Search code examples
elixir

Is it safe to use Task.start() inside of a Task.async_stream()?


I'm learning the Elixir Task module. https://hexdocs.pm/elixir/1.12/Task.html

Is it safe to use Task.start() inside of a Task.asyn_stream()?

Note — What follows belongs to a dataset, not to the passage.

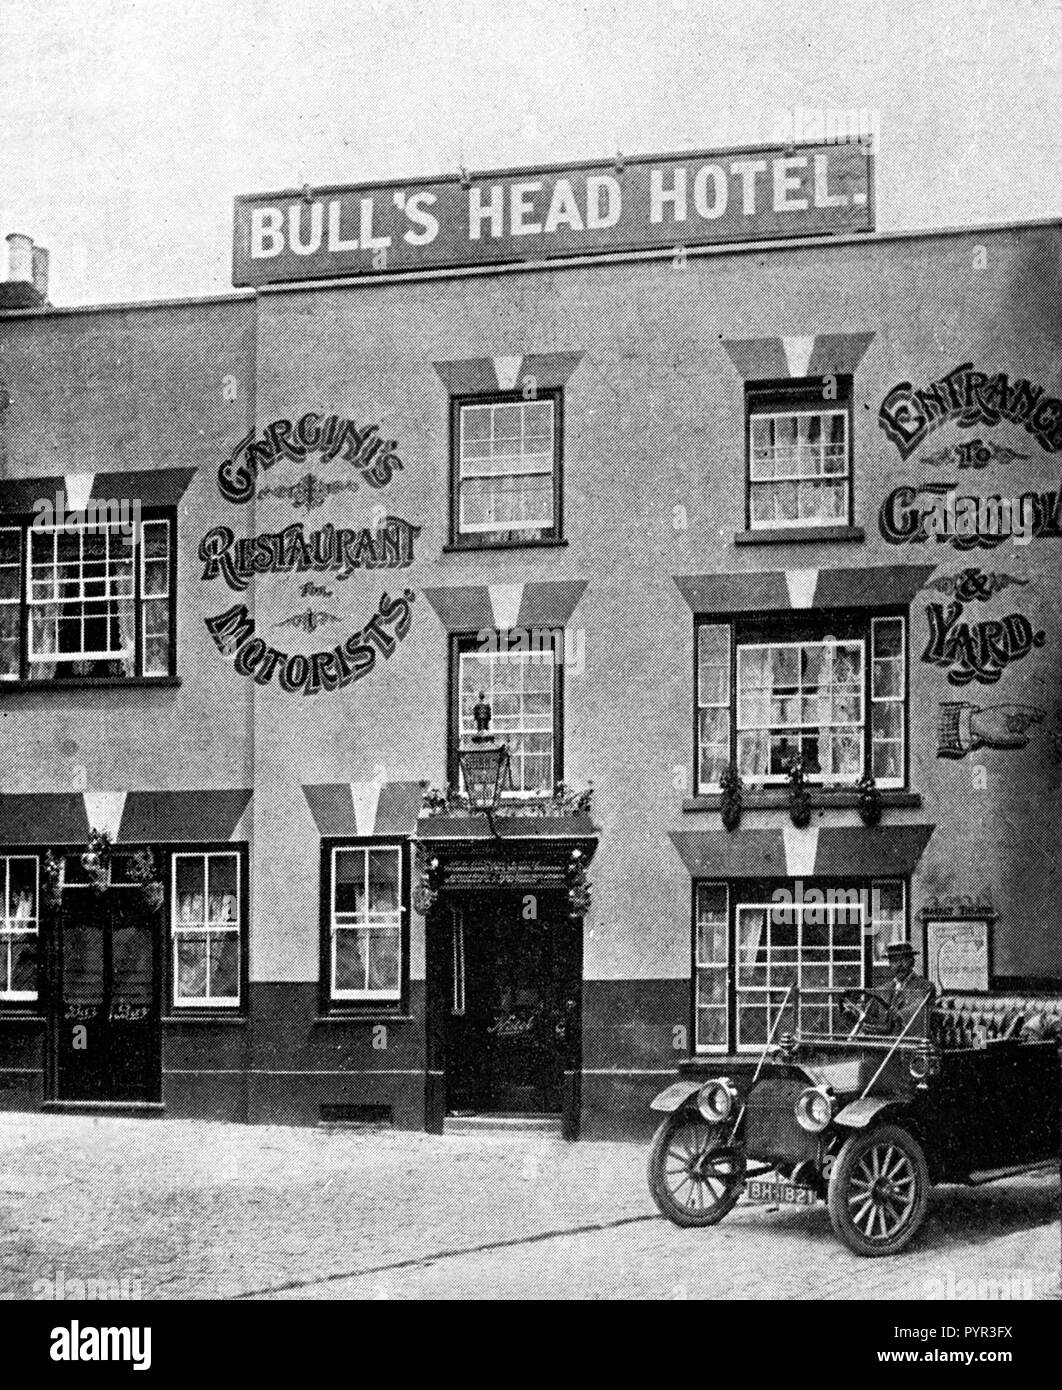 Bulls Head Hotel, Aylesbury début des années 1900 Banque D'Images

Will this cause a process leak?


Solution

  • Will this cause a process leak?

    You could write this:

    defmodule A do
    
      def go do
    
        Task.async_stream(
          [500, 100], 
          fn x -> 
            {:ok, pid } = Task.start(fn -> Process.sleep(:infinity) end)
            IO.inspect pid
            Process.sleep(x)
          end
        )
    
      end
    
    end
    

    In iex:

    ~/elixir_programs% iex a.ex
    Erlang/OTP 24 [erts-12.3.2] [source] [64-bit] [smp:8:8] [ds:8:8:10] [async-threads:1]
    
    Interactive Elixir (1.14.4) - press Ctrl+C to exit (type h() ENTER for help)
    
    iex(3)> stream = A.go                             
    #Function<3.111522547/2 in Task.build_stream/3>
    
    iex(4)> Stream.run(stream)                        
    #PID<0.121.0>
    #PID<0.123.0>
    :ok
    
    iex(5)> IEx.configure(inspect: [limit: :infinity])
    :ok
    
    iex(5)> Process.list      
    [#PID<0.0.0>, #PID<0.1.0>, #PID<0.2.0>, #PID<0.3.0>, #PID<0.4.0>, #PID<0.5.0>,
     #PID<0.6.0>, #PID<0.7.0>, #PID<0.10.0>, #PID<0.42.0>, #PID<0.44.0>,
     #PID<0.46.0>, #PID<0.47.0>, #PID<0.49.0>, #PID<0.50.0>, #PID<0.51.0>,
     #PID<0.52.0>, #PID<0.53.0>, #PID<0.54.0>, #PID<0.55.0>, #PID<0.56.0>,
     #PID<0.57.0>, #PID<0.58.0>, #PID<0.59.0>, #PID<0.60.0>, #PID<0.61.0>,
     #PID<0.62.0>, #PID<0.63.0>, #PID<0.64.0>, #PID<0.65.0>, #PID<0.66.0>,
     #PID<0.67.0>, #PID<0.68.0>, #PID<0.69.0>, #PID<0.70.0>, #PID<0.71.0>,
     #PID<0.78.0>, #PID<0.79.0>, #PID<0.80.0>, #PID<0.82.0>, #PID<0.85.0>,
     #PID<0.86.0>, #PID<0.87.0>, #PID<0.88.0>, #PID<0.89.0>, #PID<0.91.0>,
     #PID<0.92.0>, #PID<0.93.0>, #PID<0.94.0>, #PID<0.95.0>, #PID<0.96.0>,
     #PID<0.99.0>, #PID<0.100.0>, #PID<0.101.0>, #PID<0.102.0>, #PID<0.103.0>,
     #PID<0.104.0>, #PID<0.105.0>, #PID<0.114.0>, #PID<0.121.0>, #PID<0.123.0>]
    

    You can see that the Task.start processes, 0.121.0 and 0.123.0, are still running even after Stream.run(stream) has returned, which means all the processes started by Task.async_stream have completed.

    Any code can cause a process leak: if you create a process and you lose the pid of the process, then you have no control over the process, unless you shut down the node, or beam instance, in which the process is running. Task.start() returns a pid; if you lose the pid, then you will have a process leak if the process runs forever.

    In elxir/erlang a process is very lightweight and doesn't require many resources, so you can start millions of processes without overloading your system. As a result, if a thousand processes leak, it's not really a big deal. Of course, you wouldn't want to continually leak thousands of processes over a relatively long time period because that could crash your system.